Только сейчас Зоя его увидела.
— Ой, — сказала она, — ты зачем сюда пришел?
— За тобой. Что ж ты, убежала, никому ничего. Куда пошла, где тебя искать? Мать сама не своя, плачет.
— Я не убежала, — Зоя смотрела на свои руки. — Пришла сюда, поздно было. Осталась ночевать…
Ей и сейчас не хотелось идти домой. Мать плачет? Стоит Зое переступить порог, как она начнет ругаться. Виктор стоит тихий, вроде даже виноватый. А дома? Зоя никогда не забудет, как он с ней разговаривал, как он кричал: «В мужья небось музыканта подловила». Нет, ей не хотелось домой, и Виктору она была не рада.
— Что мы тут стоим, — Аня попыталась прийти на помощь Зое. — Пойдемте на улицу.
А Зоя не нуждалась в помощи. Все-таки верх ее: не она за Виктором, а он за ней пошел. «Вернусь домой, ладно, — думала она, — а если станут ругать, попрекать, опять убегу. Совсем. Буду на ферме работать и учиться на журналистку…» И первая сказала, когда вышли из корпуса:
— Идем, я готова.
— Может, отдохнете? — предложила Аня.
— Я не устал, — отказался Виктор. — Мы уж лучше пойдем.
Вакуровы попрощались. Игнат и Аня проводили их до шлагбаума.
Из степи подошла Варвара.
— Вернулась? — улыбнулась ей Аня.
— Вернулась, — Варвара метнула взгляд в сторону Игната. — А ты его от себя далеко не отпускай. Будто и тихоня, а в посадке с Фенькой Жмурко обнимался. Сама видела.

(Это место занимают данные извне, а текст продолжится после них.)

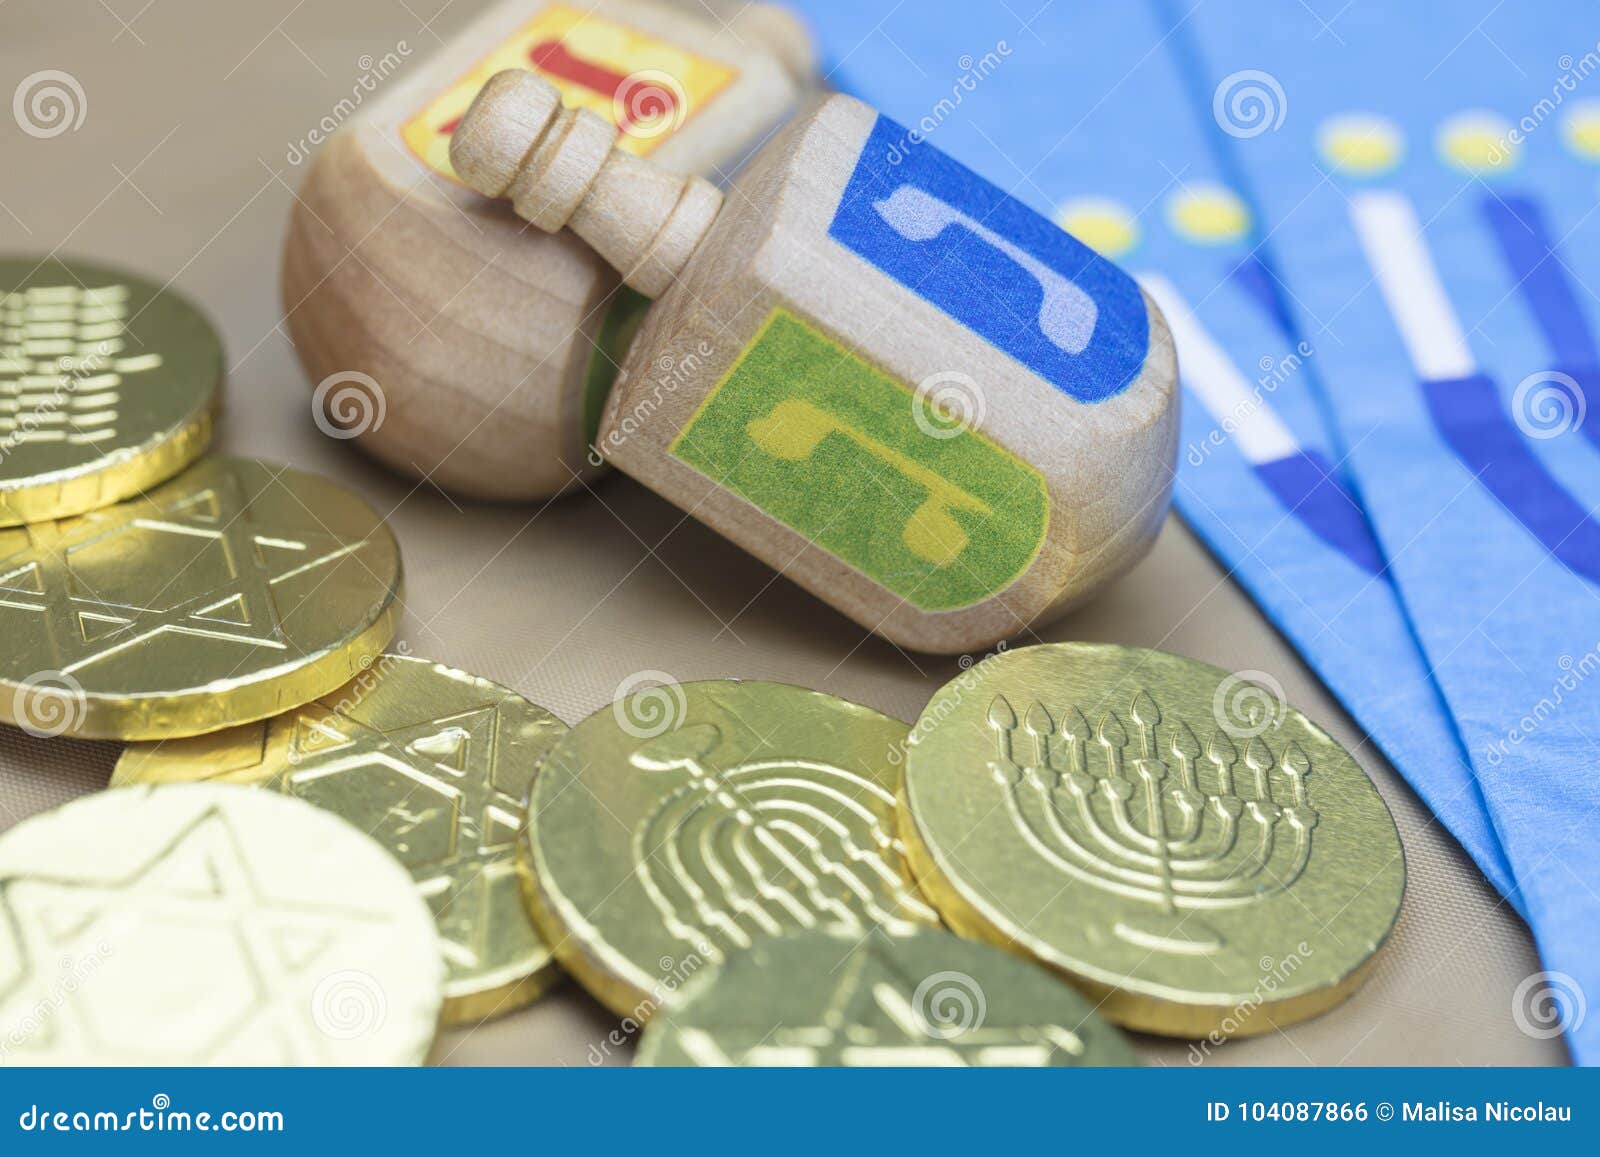 Hanukkah Dreidels, Napkins and Chocolate Gelt Coins Stock Photo - Image ...

Сказала и пошла себе дальше, помахивая узелком, виляя цветастой юбкой.
Аня молча смотрела на Игната. Он чувствовал, как лицо его заливает краска, и готов был провалиться сквозь землю.
— Что она сказала, Игнат? — спросила, наконец, Аня.
— Брешет, — пробормотал он, не поднимая глаз.
— А чего же ты покраснел?
— Я и не думал краснеть. — Игнат посмотрел на Аню. — Не верь ты ей. Врет она, честное слово!
Аня отвернулась и медленно пошла на ферму. Игнат стоял и растерянно смотрел ей вслед. Что-то надо было делать, а что — он никак не мог сообразить. Из всех чувств жило в нем сейчас одно — удивление перед Варькиной наглостью.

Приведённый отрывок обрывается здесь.